Comparison of Interactive Proofs to Argument Systems with Pre-Processing: The advantages of interactive proofs are three-fold. First, they are secure even against computationally unbounded provers, while argument systems are only secure against polynomial-time provers. Second, interactive proofs can avoid pre-processing entirely for structured computation (e.g. 'regular' circuits) and minimize pre-processing for data-parallel computation, while argument systems with pre-processing (discussed below) inherently require an expensive pre-processing stage for the verifier. Third, interactive proofs achieve unmatched prover efficiency when they are applicable, and in fact can avoid the circuit representation entirely for fundamental primitives like matrix multiplication. Concretely, Zaatar's prover is roughly 3 orders of magnitude slower than evaluating the circuit with no correctness guarantee (see e.g. these slides by Mike Walfish), which is roughly commensurate with the prover overhead in my original GKR implementation with Cormode and Mitzenmacher, but is a couple orders of magnitude slower than what we can now achieve with interactive proofs for "regular" circuits (see above).

The disadvantages of interactive proofs are the following. First, they are only applicable to small-depth circuits (i.e., parallelizable computation). Second, they do not support "non-deterministic" circuits, which can be extremely useful for turning high-level programs into small circuits as described in the section on front-ends below (there is evidence that lack of support for non-determinism in inherent in the use of interactive proofs). This means that certain kinds of computations such as those involving many random accesses to memory or sorting/comparison operations are problematic for interactive proofs. Third, interactive proofs cannot support properties like zero-knowledge and public verifiability that are achieved by Pinocchio/BCGTV. Fourth, interactive proofs require logarithmically many rounds of interaction between prover and verifier, while argument systems typically require just one or two rounds.

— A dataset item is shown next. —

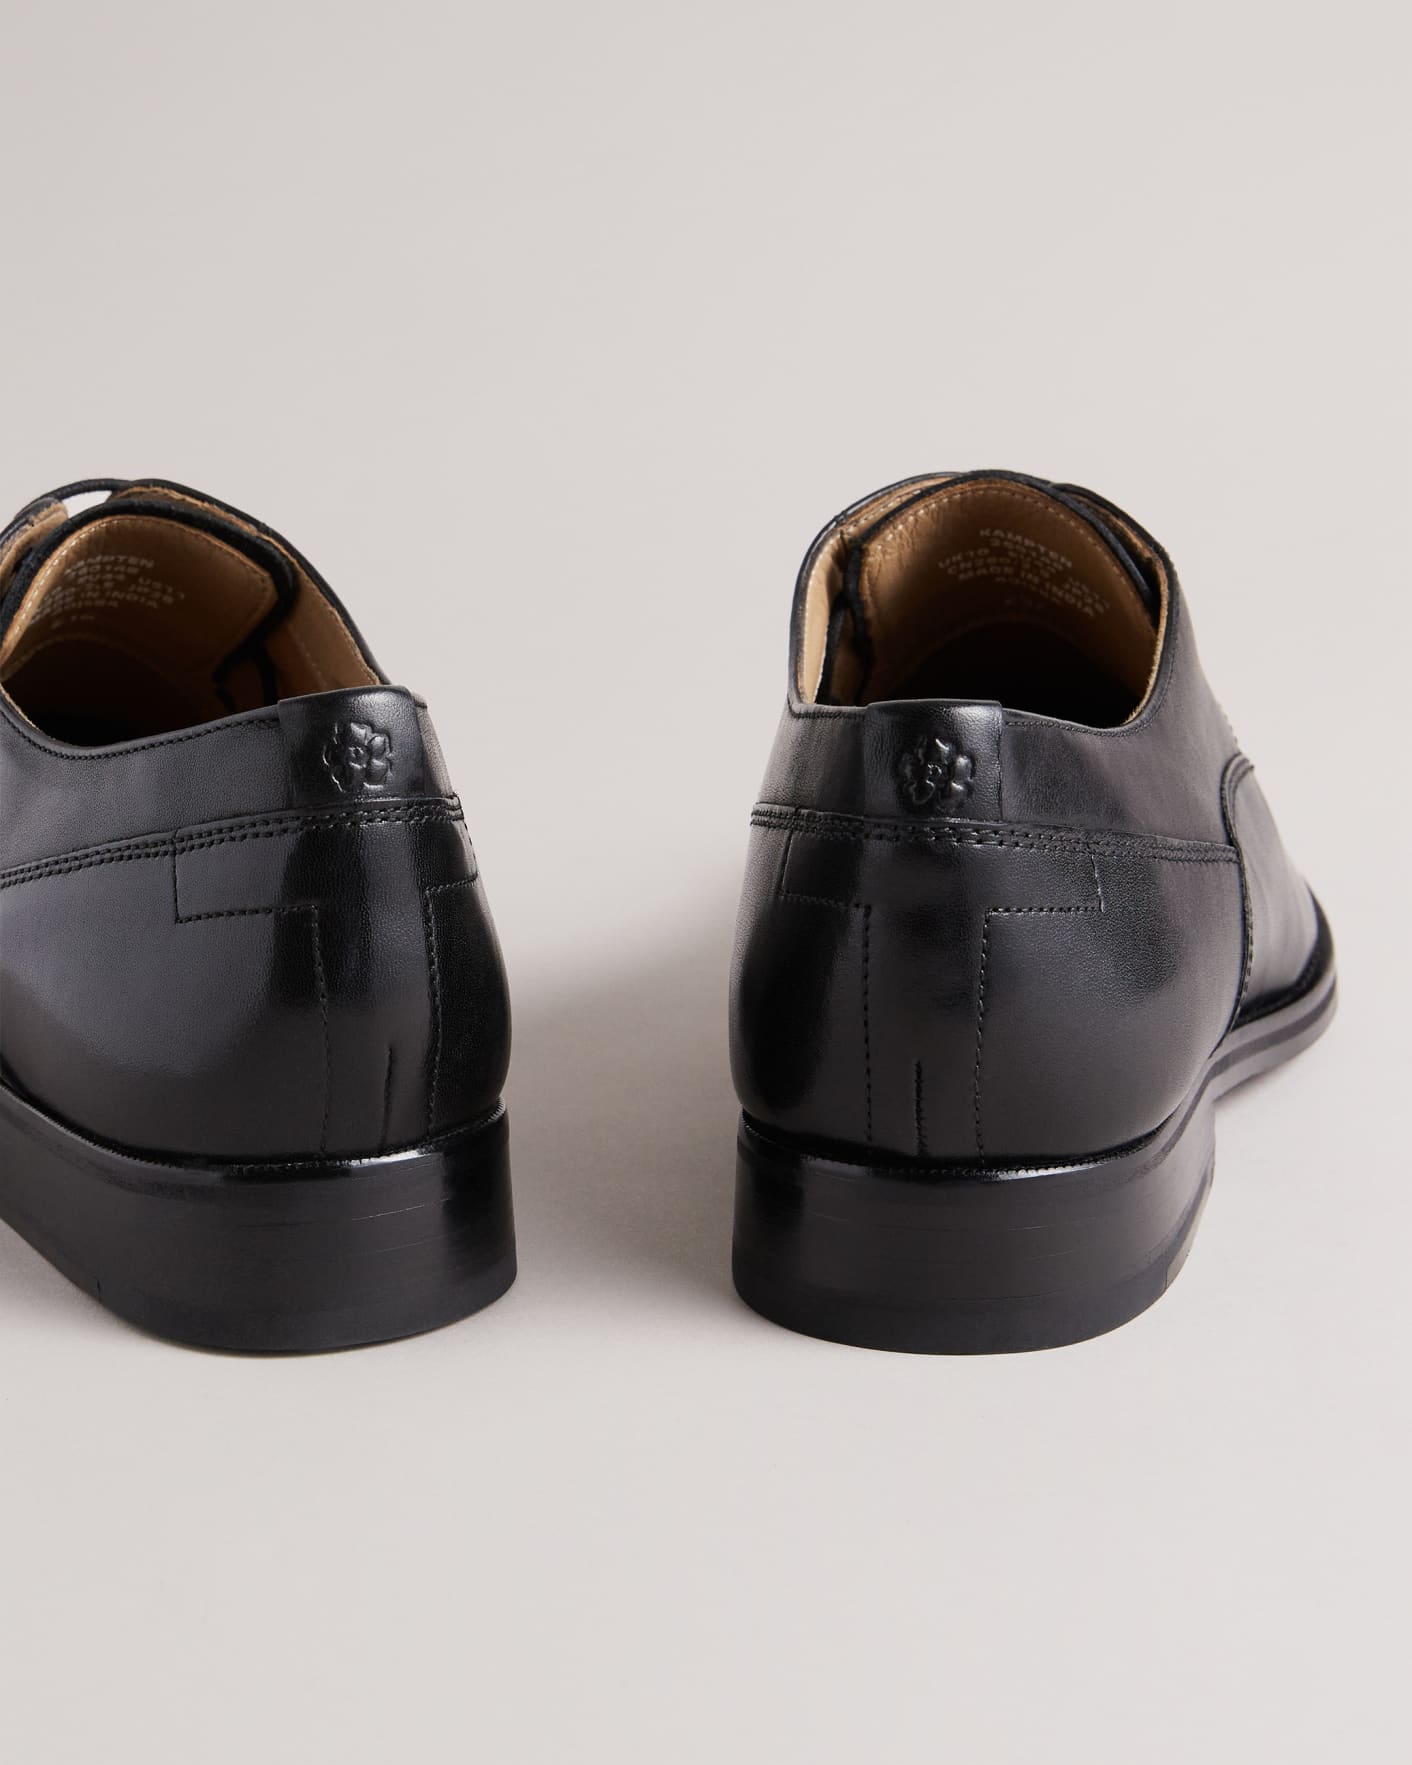 Kampten Shoes in Black
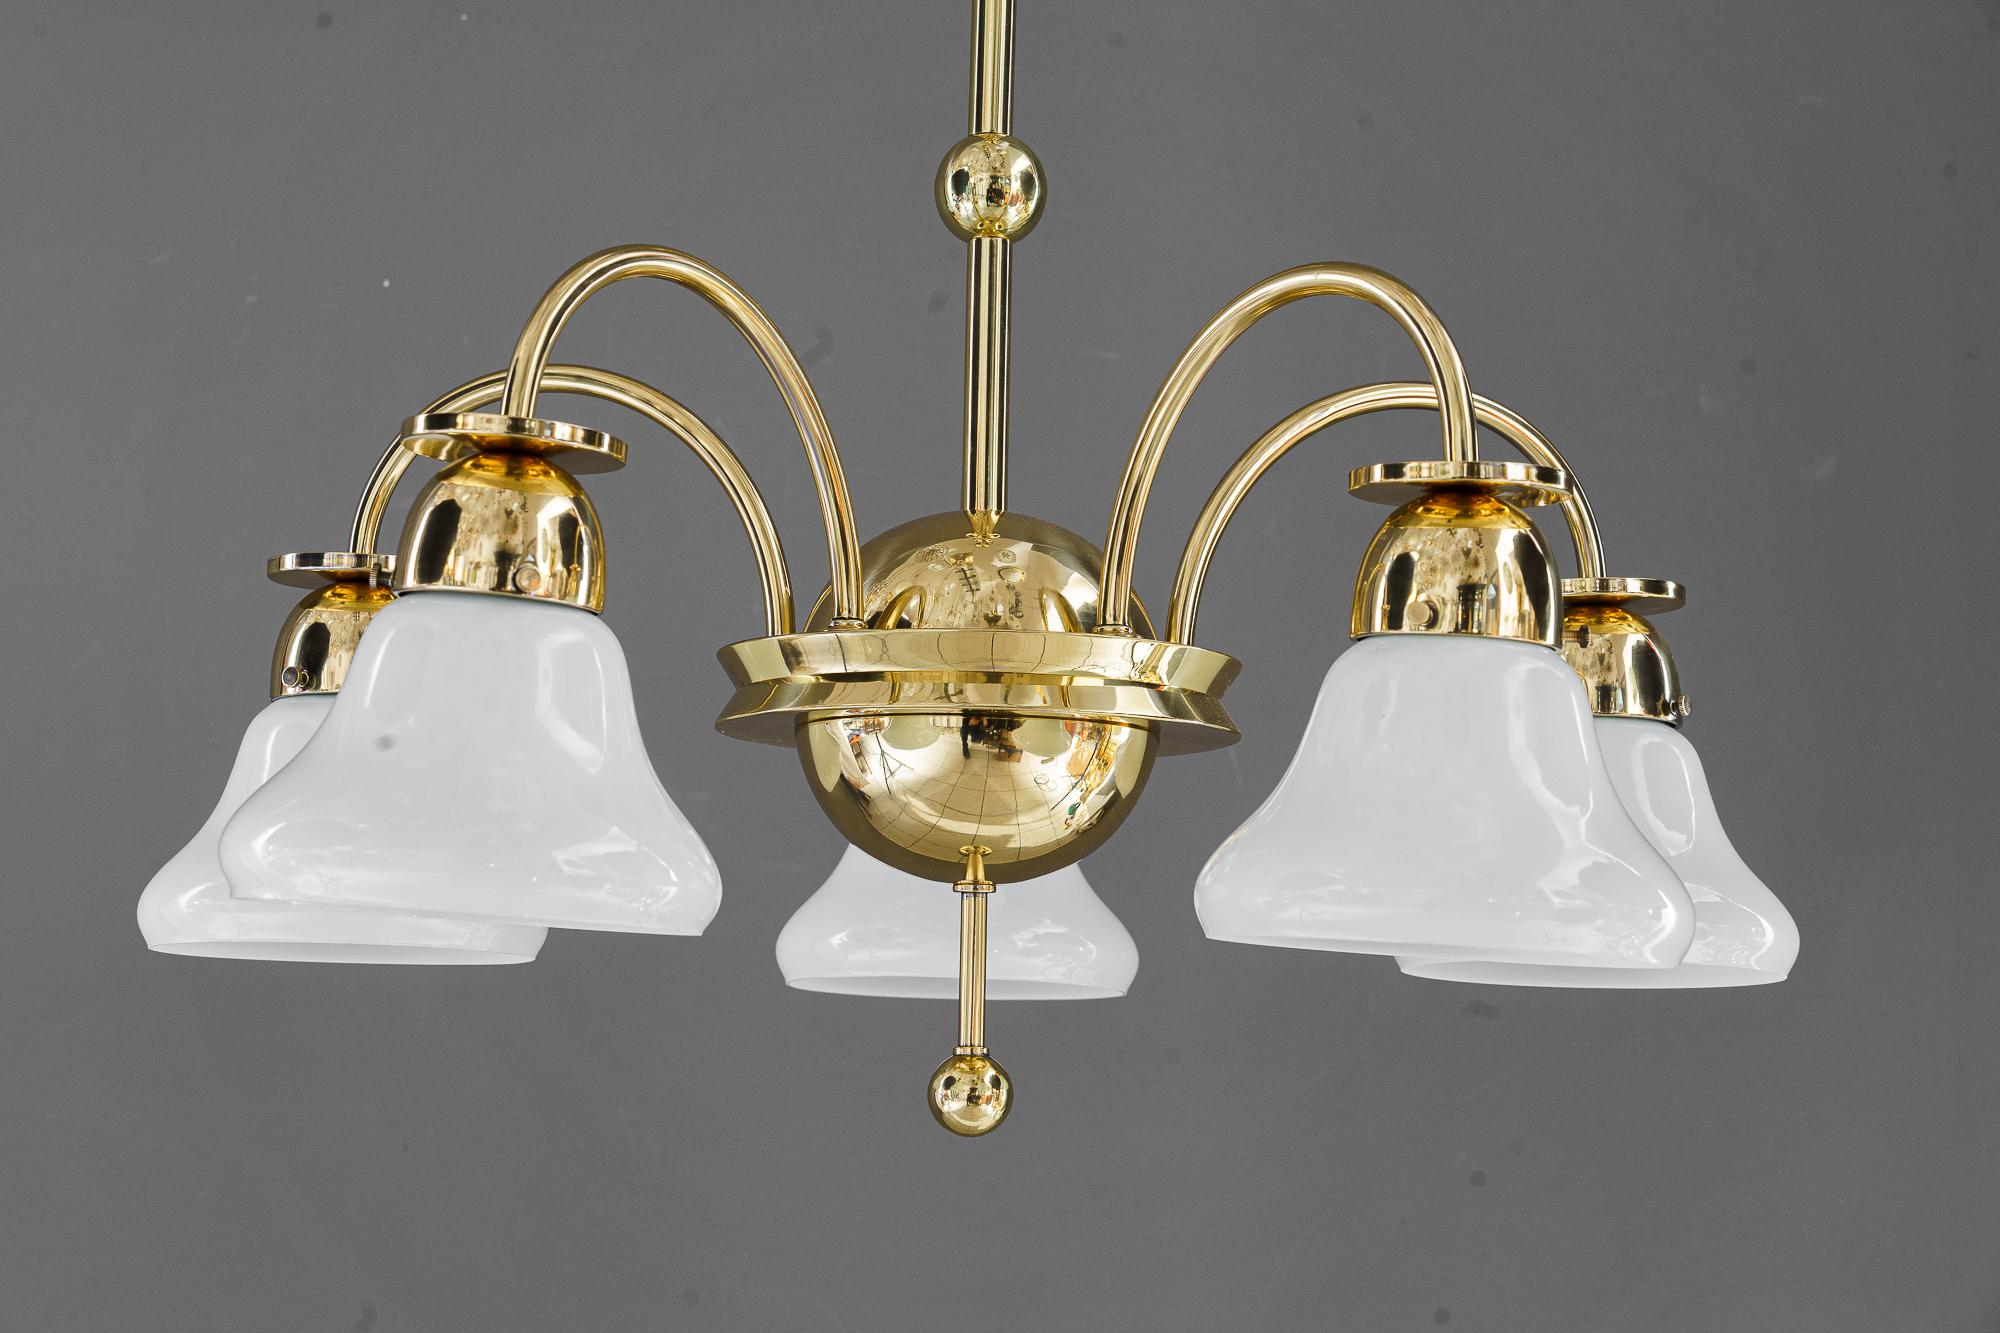 Art Deco chandelier vienna aroumd 1920s In Good Condition For Sale In Wien, AT

(I maintain, however, that the round complexity of interactive proofs isn't a big deal. First, interaction can be generically removed via the Fiat-Shamir heuristic, which is secure in the random oracle model and may be acceptable in practice. Second, any system allowing the verifier to request a specific computation in the first place is likely to involve a remote procedure call and hence incur round-trip delays anyway. Third, browsers already send a separate request for every image and script on a web page, and typically a browser cannot substantially parallelize these requests.)

====================

Summary of and Comparison of Front-Ends:

Ginger, Zaatar, and Pinocchio all contain compilers that turn high-level programs into (non-deterministic) circuits (Pinocchio was the first to handle a subset of C, while the others initially handled a different high-level language but have since moved to C). Vu, Setty, Blumberg, and Walfish (VSBW) built a front-end for an implementation of the GKR protocol (this front-end must generate small-depth circuits that are either deterministic or contain a small number of non-deterministic inputs, since the non-deterministic inputs must be sent explicitly to the verifier. It should also be clarified that their compiler does not produce regular circuits, and hence the GKR protocol requires a pre-processing phase when applied to these circuits, and amortizes these costs over many instances of the computation exactly as in Zaatar/Ginger/Pepper). Given a high-level program, the VSBW front-end also automatically determines whether Zaatar or GKR would be most efficient to verify the computation and runs the better of the two protocols, and their system as a whole is called Allspice.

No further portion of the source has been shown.